The Forsaken
“Being green can get people killed.” She lifts up a vine as thick as my wrist, and we pass underneath it.
“At least tell me about the vaccine.”
Gadya looks back at me. “It prevents disease. Trust me, you need it.”
We reach a wider path, lined with magnolia trees. Gadya pauses for a second, listening. All is silent. We start moving again, wading rapidly through the tangled underbrush.
“And the island?” I press, trying to gather as much information as possible. “Where are we exactly? The Atlantic? The Pacific?”
“First of all, no one calls this place ‘the island.’ We call it ‘the wheel,’ because it’s divided into misshapen triangular sectors. Like pie slices. There are six of them. Don’t ask me why—I didn’t make the rules. The UNA did. The Monk controls four sectors—orange, purple, yellow, and red. Our tribe controls one—the blue sector. The sixth one’s called the gray zone. Bad things happen in there.”
Her grim tone gives me a momentary chill.
“We used to control the orange sector,” she continues, “but the Monk’s been expanding his territory. More and more kids keep joining his gang, or religion, or whatever he calls it. You picked a hell of a time to turn up here. We’re in the middle of a war. And we’re losing.”
My head is buzzing as we walk, filled with a million more questions. “A war against the Monk? Who is he?”
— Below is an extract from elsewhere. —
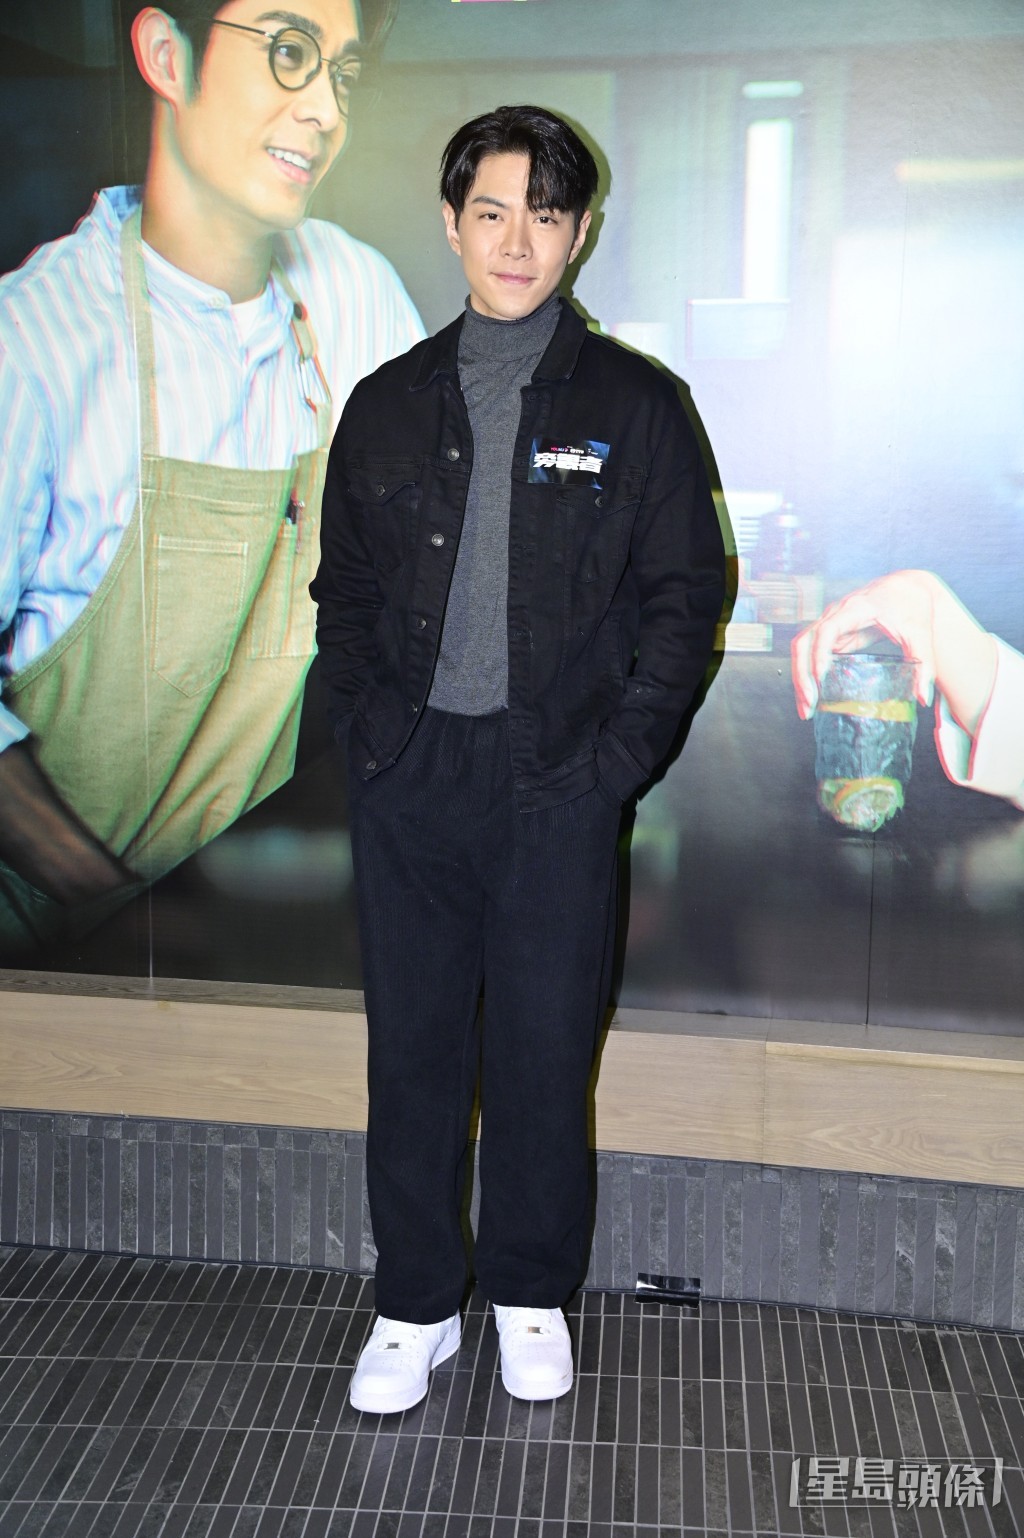 羅天宇透露將參與一套以ICAC作為題材的劇集之演出，該劇集合五位電影導演分別拍攝五個單元。

“An old man who’s been here longer than anyone else. He claims he has supernatural powers. He tells everyone that the wheel is a test, and if they do what he says, they’ll get off it one day—or find their reward in the afterlife. Crazy, desperate kids turn to him, looking for meaning.” She lowers her voice. “We call him the Cannibal Monk.”
I stop in my tracks, horrified. “ Cannibal? As in, like, he eats people?”
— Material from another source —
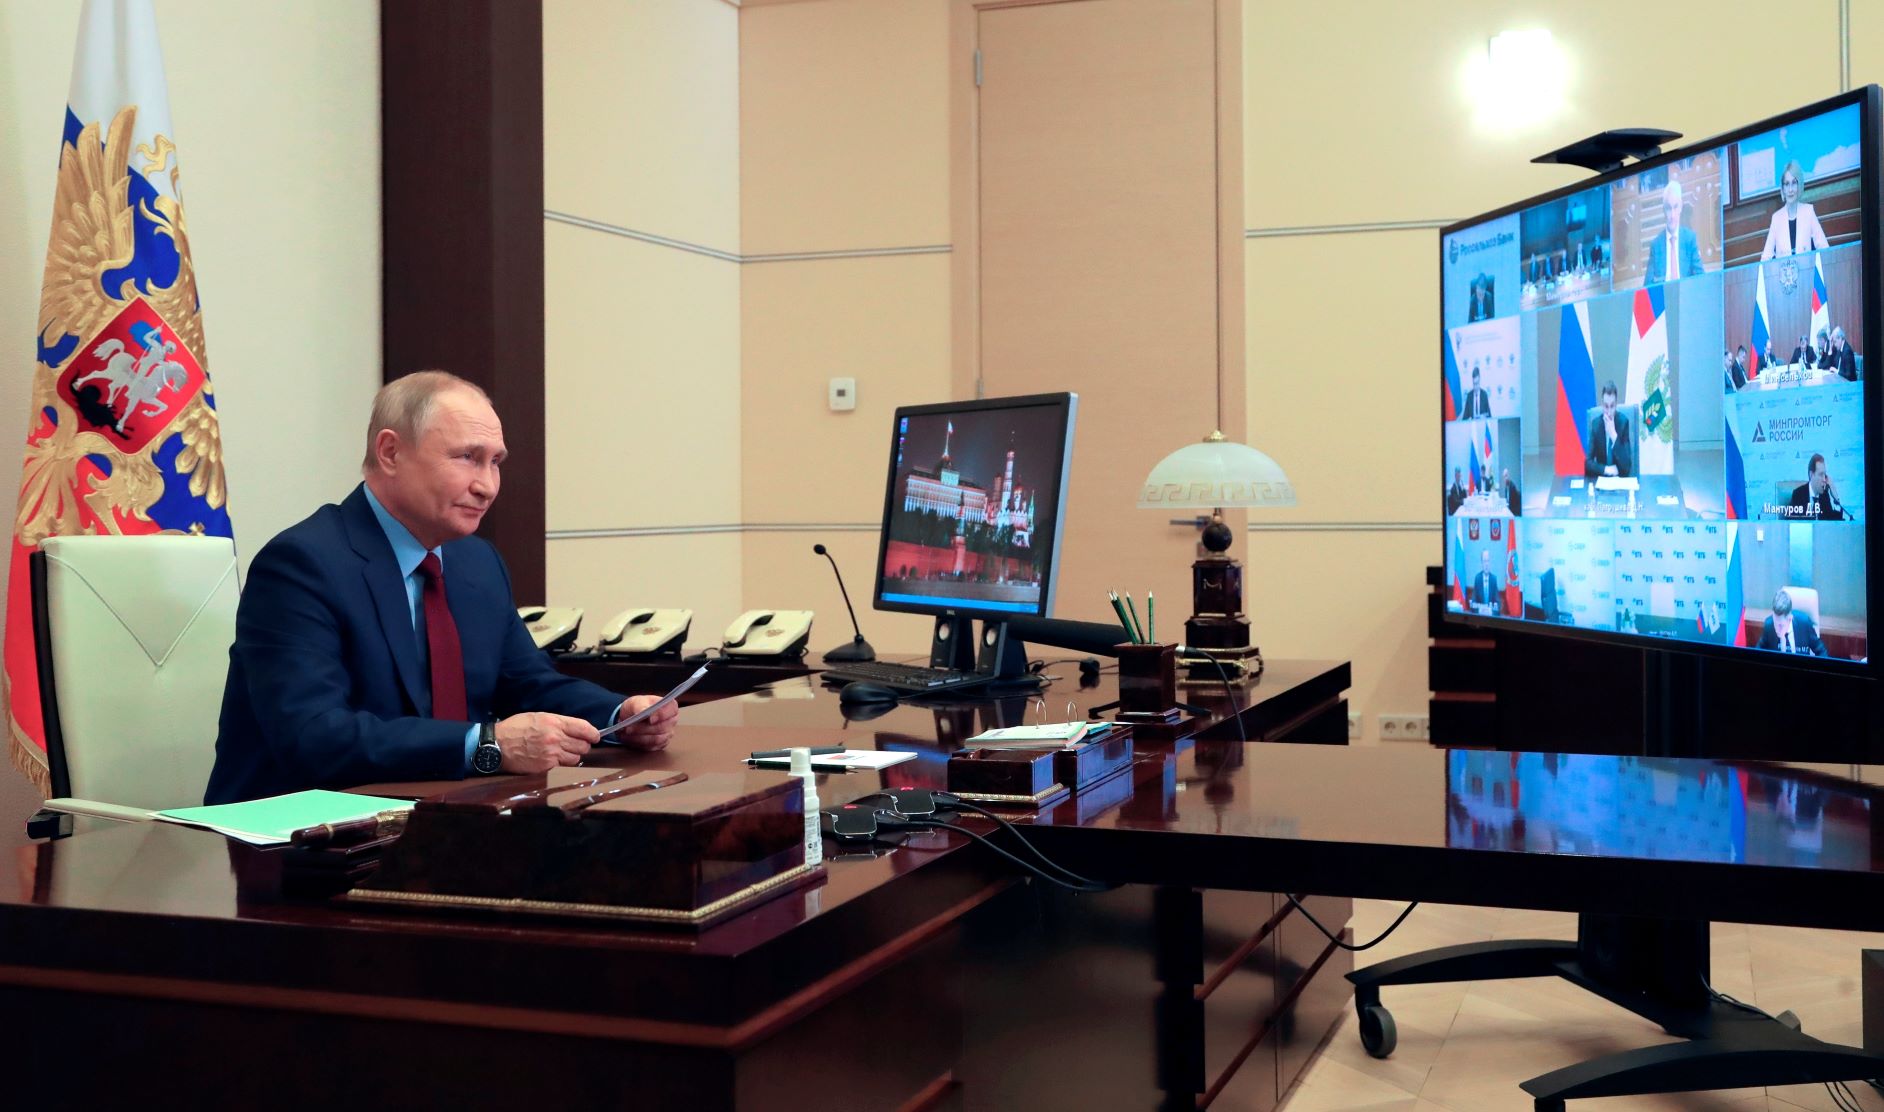 الرئيس الروسي فلاديمير بوتين يدير مؤتمر بالفيديو حول صناعتي الزراعة والصيد، من مقر رئاسته خارج موسكو. بتاريخ 05 إبريل 2022

Gadya chuckles. “Not flesh. Souls. That’s what he’s after.” She glances back and sees the stricken look on my face. “It’s a figure of speech.” She increases her pace. “C’mon.”
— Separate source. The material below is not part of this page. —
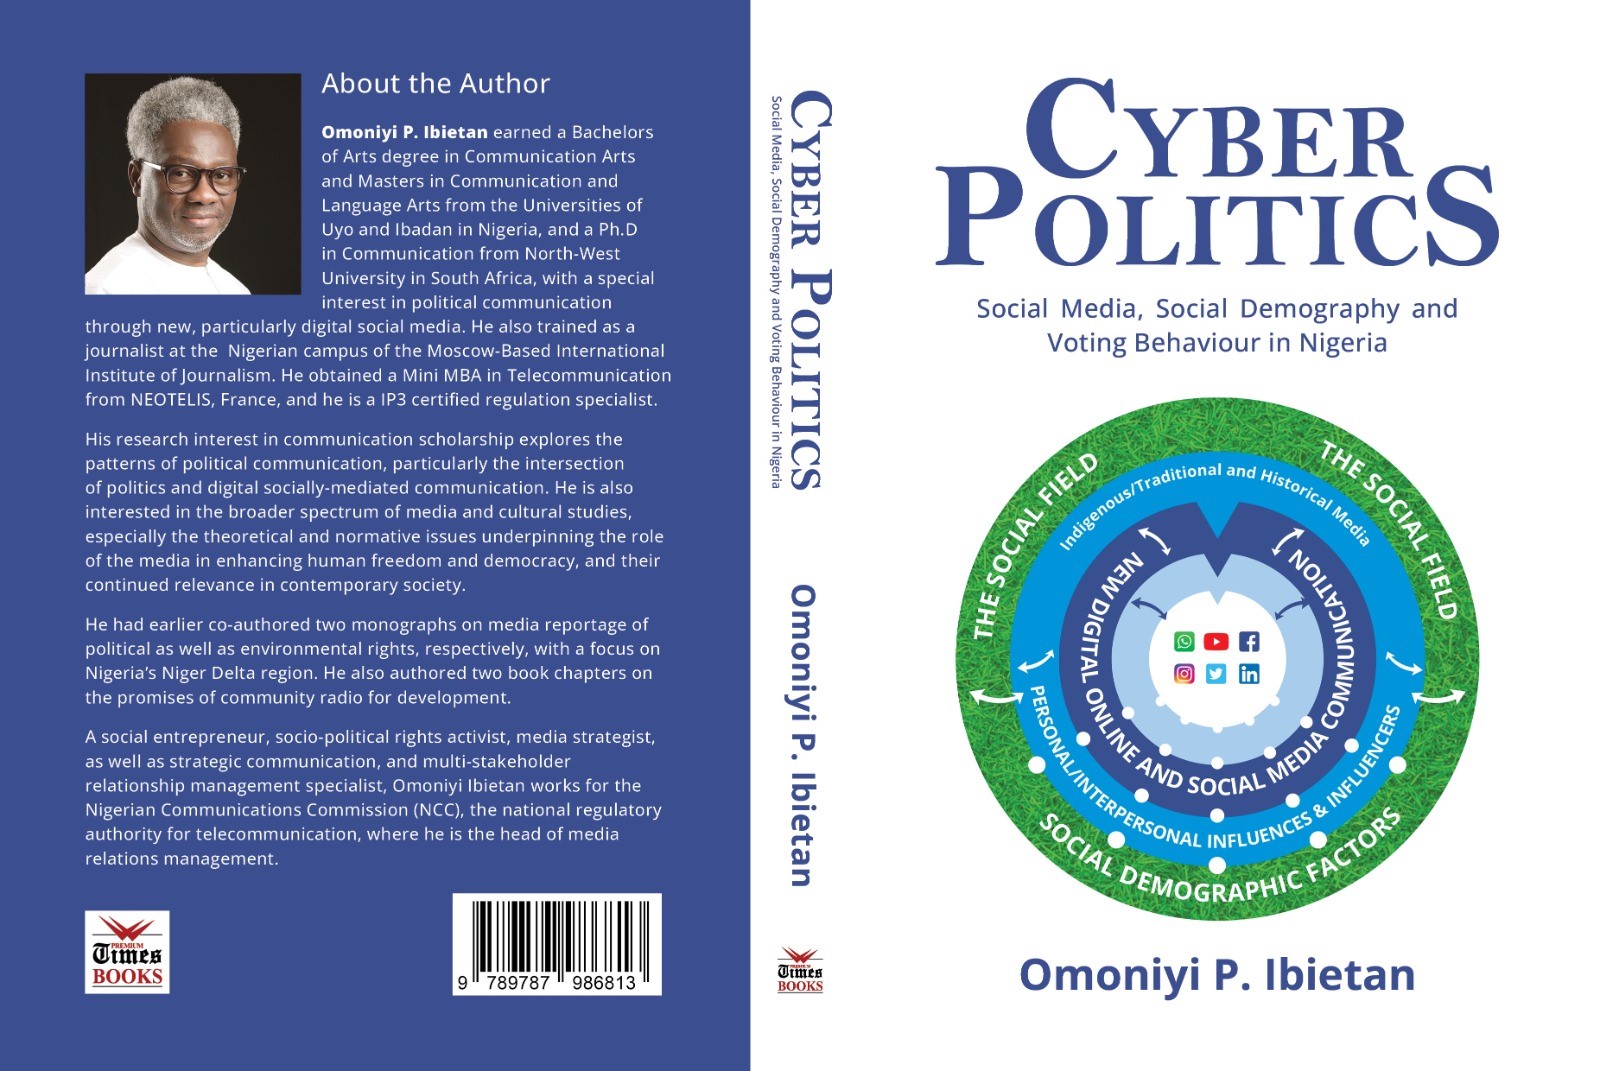 Cyber Politics Book Cover

The path is wide enough to walk shoulder to shoulder, although it’s hard keeping up with Gadya. “So how long have you been here?”
“Fourteen months,” she replies, like that’s nothing. Then she points up ahead. “Look, we’re almost at the village. We’re rebuilding from a nighttime raid. If we build huts, eventually the Monk’s drones burn ’em down.” The trees thin as we crest a ridge and approach a grassy clearing the size of a baseball diamond. “This island is allergic to civilization. The Monk makes sure of that.”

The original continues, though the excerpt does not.